• [Task statement]: In the data that follows, find the line with "The annotated <em>Lolita</em>"; transcribe it, every later line up to the one with "Versicherungsmakler Leopold ARTHOLD", and that line as well, exactly and with no others.

[Supplied data Boundary: Start]

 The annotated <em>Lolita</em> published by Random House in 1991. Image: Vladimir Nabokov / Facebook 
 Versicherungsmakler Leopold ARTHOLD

[Supplied data Boundary: End]
[Supplied data Boundary: Start]

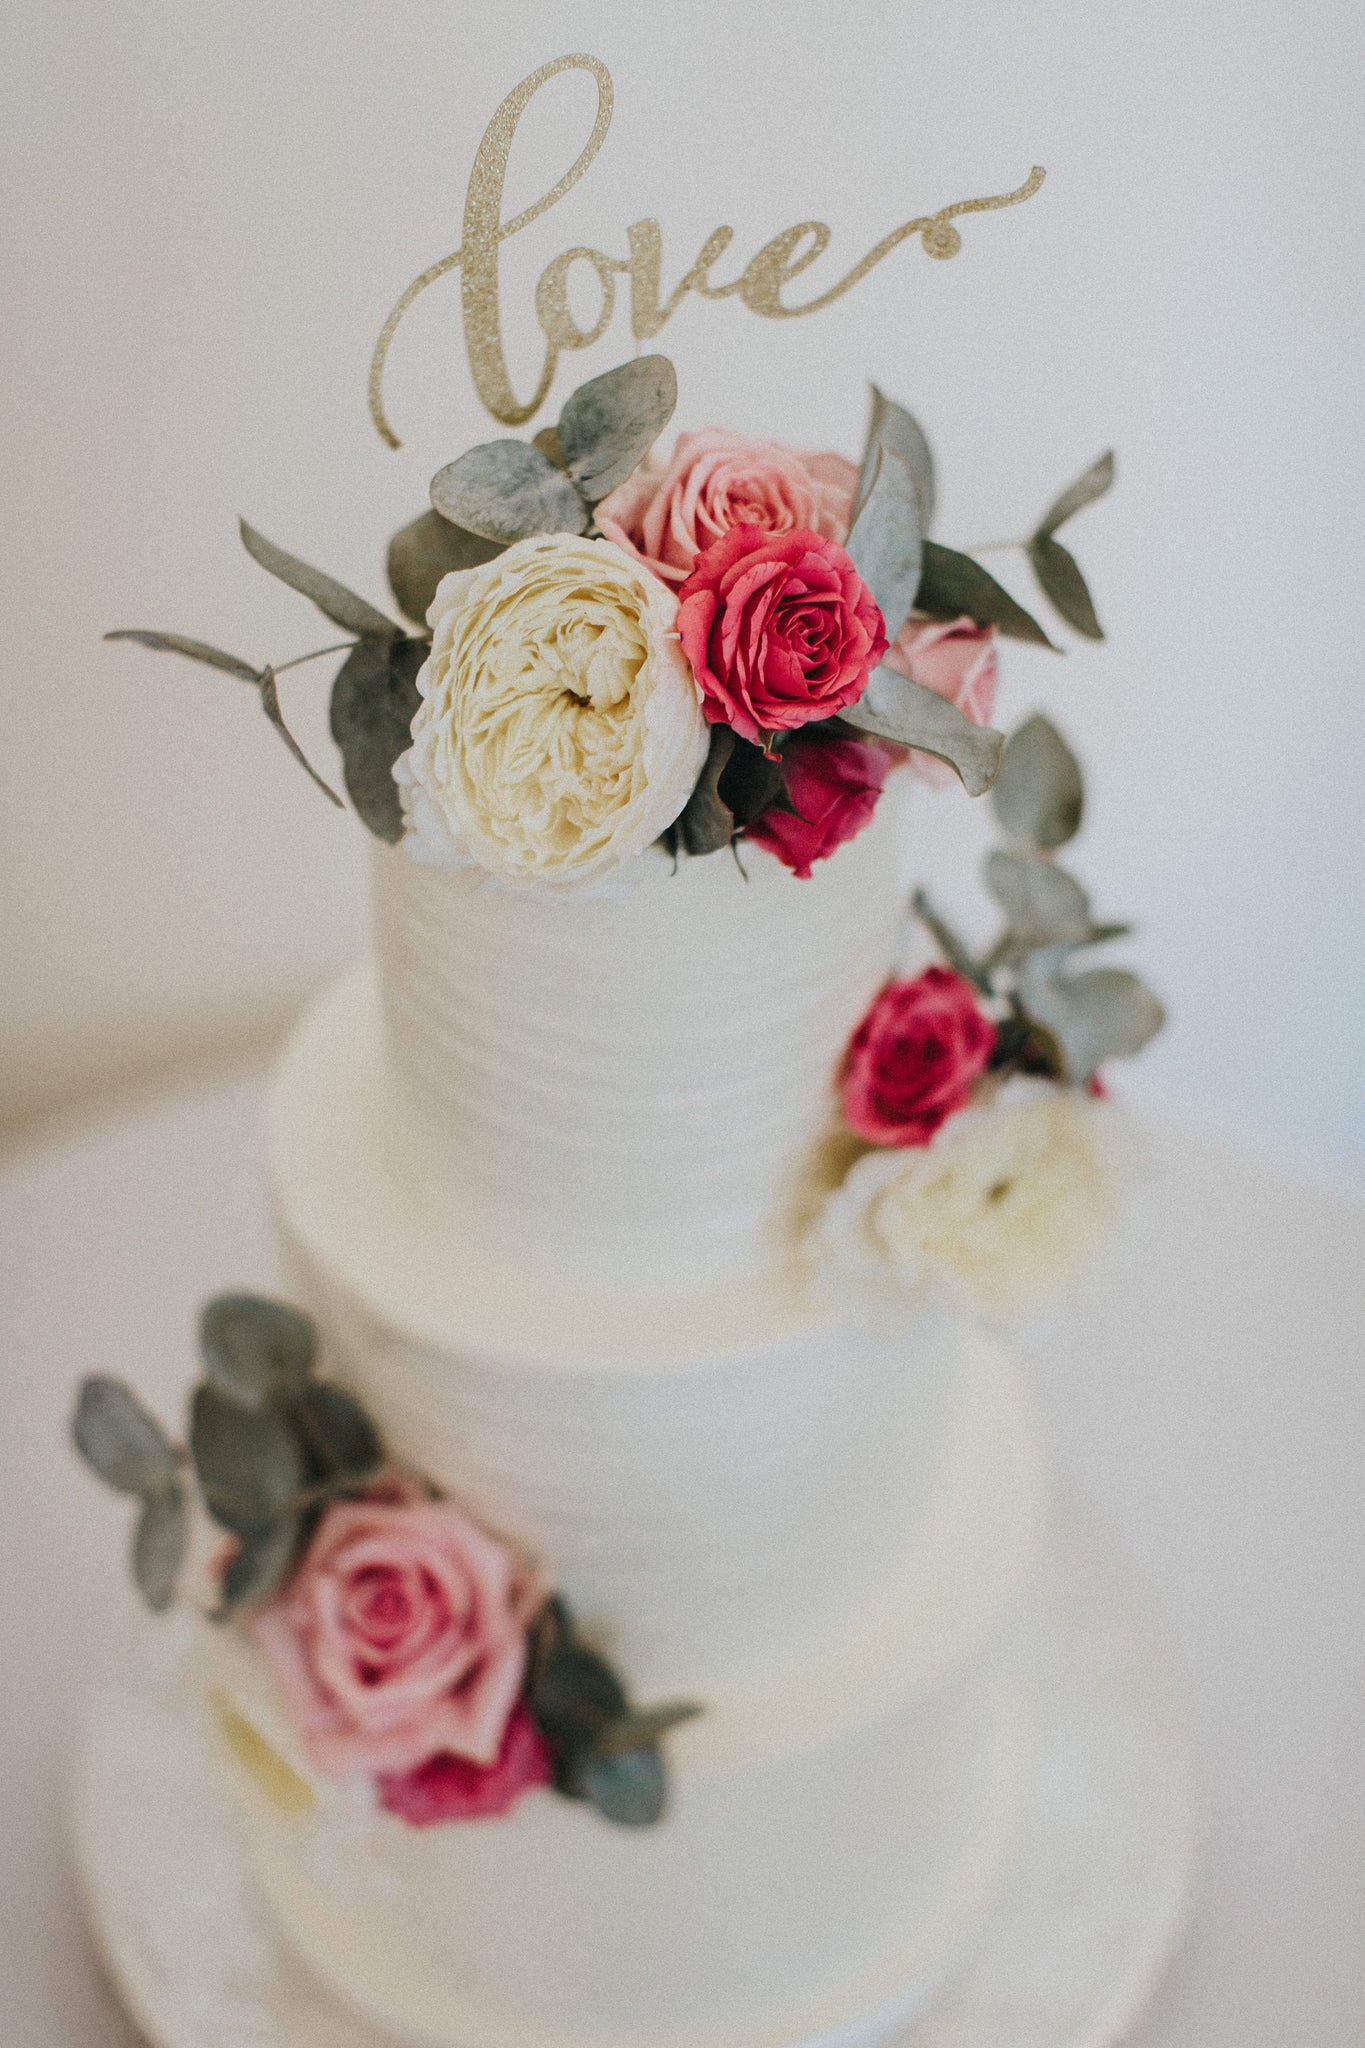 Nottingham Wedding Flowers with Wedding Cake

[Supplied data Boundary: End]
[Supplied data Boundary: Start]

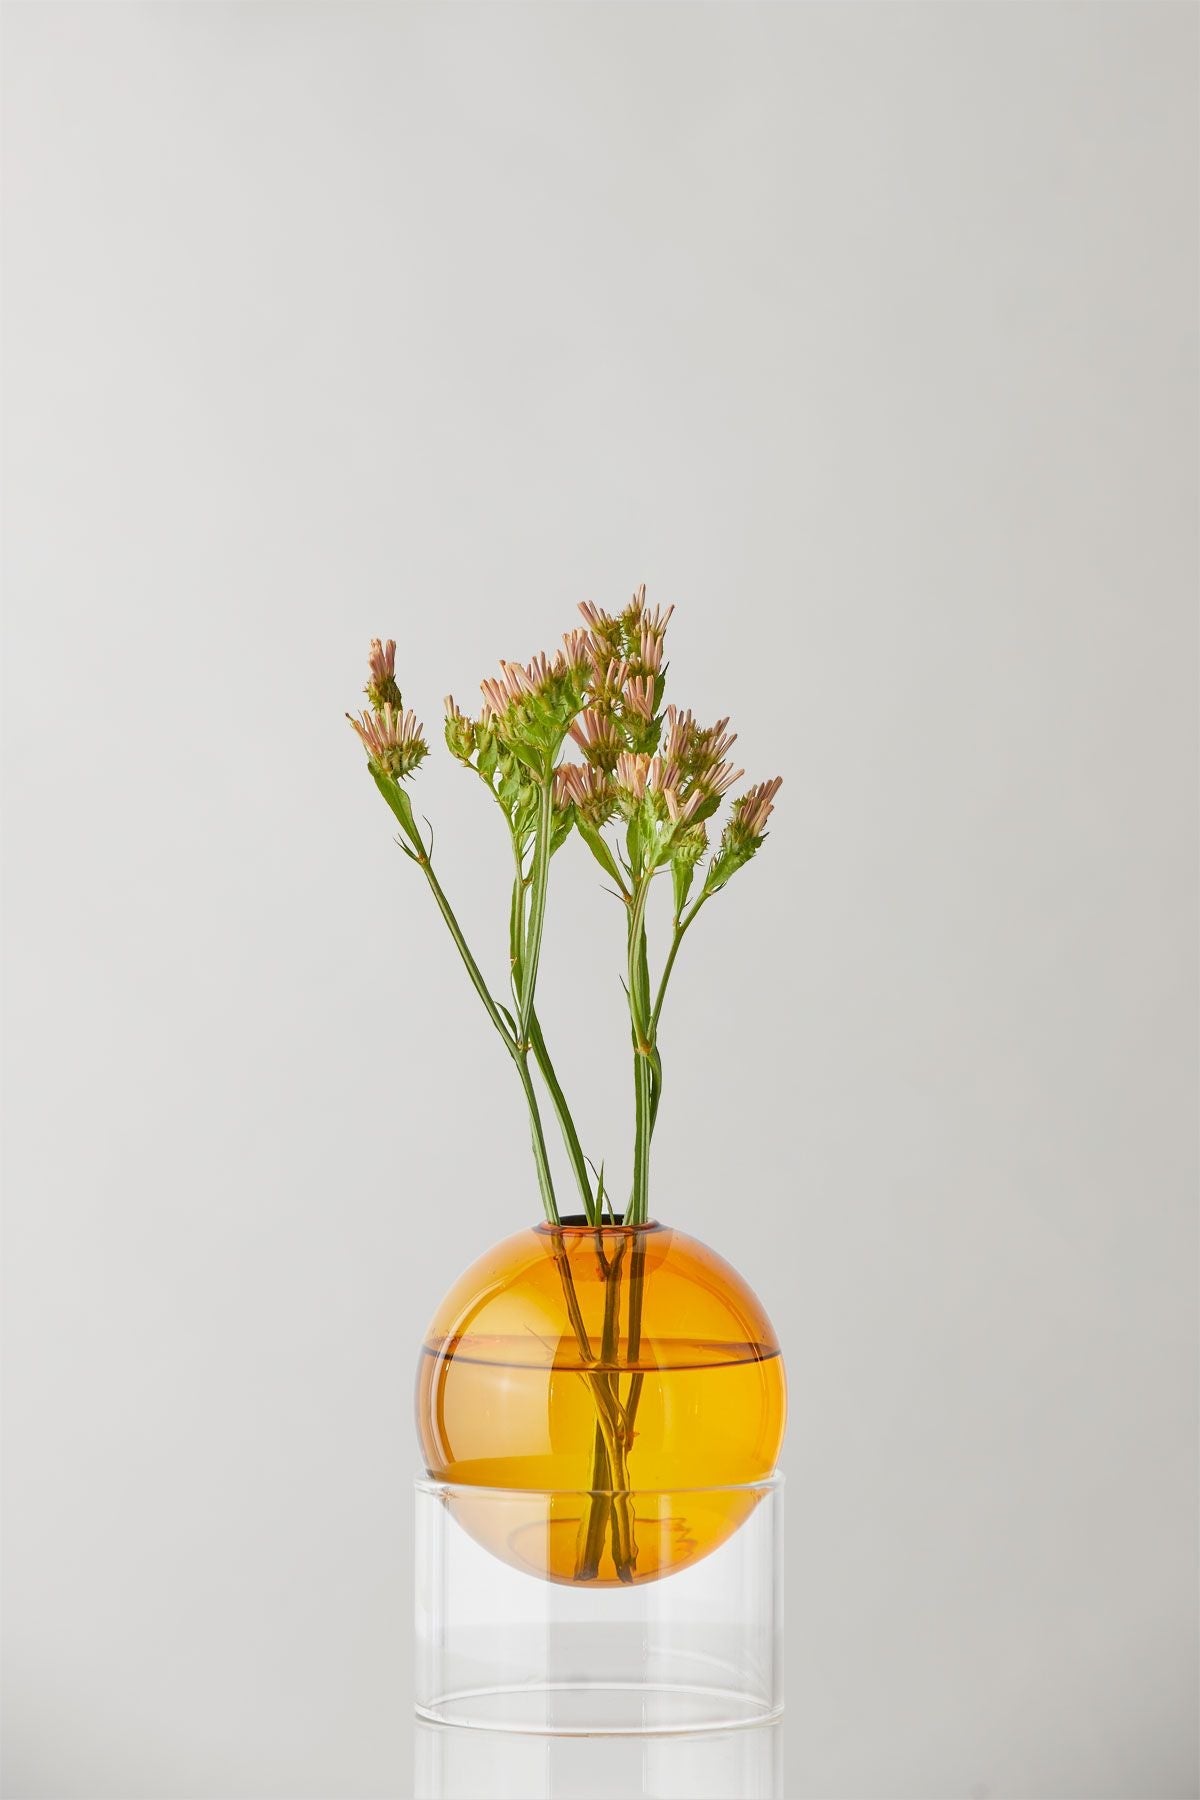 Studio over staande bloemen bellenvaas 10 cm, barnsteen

[Supplied data Boundary: End]

• [Final answer]:
 The annotated <em>Lolita</em> published by Random House in 1991. Image: Vladimir Nabokov / Facebook 
 Versicherungsmakler Leopold ARTHOLD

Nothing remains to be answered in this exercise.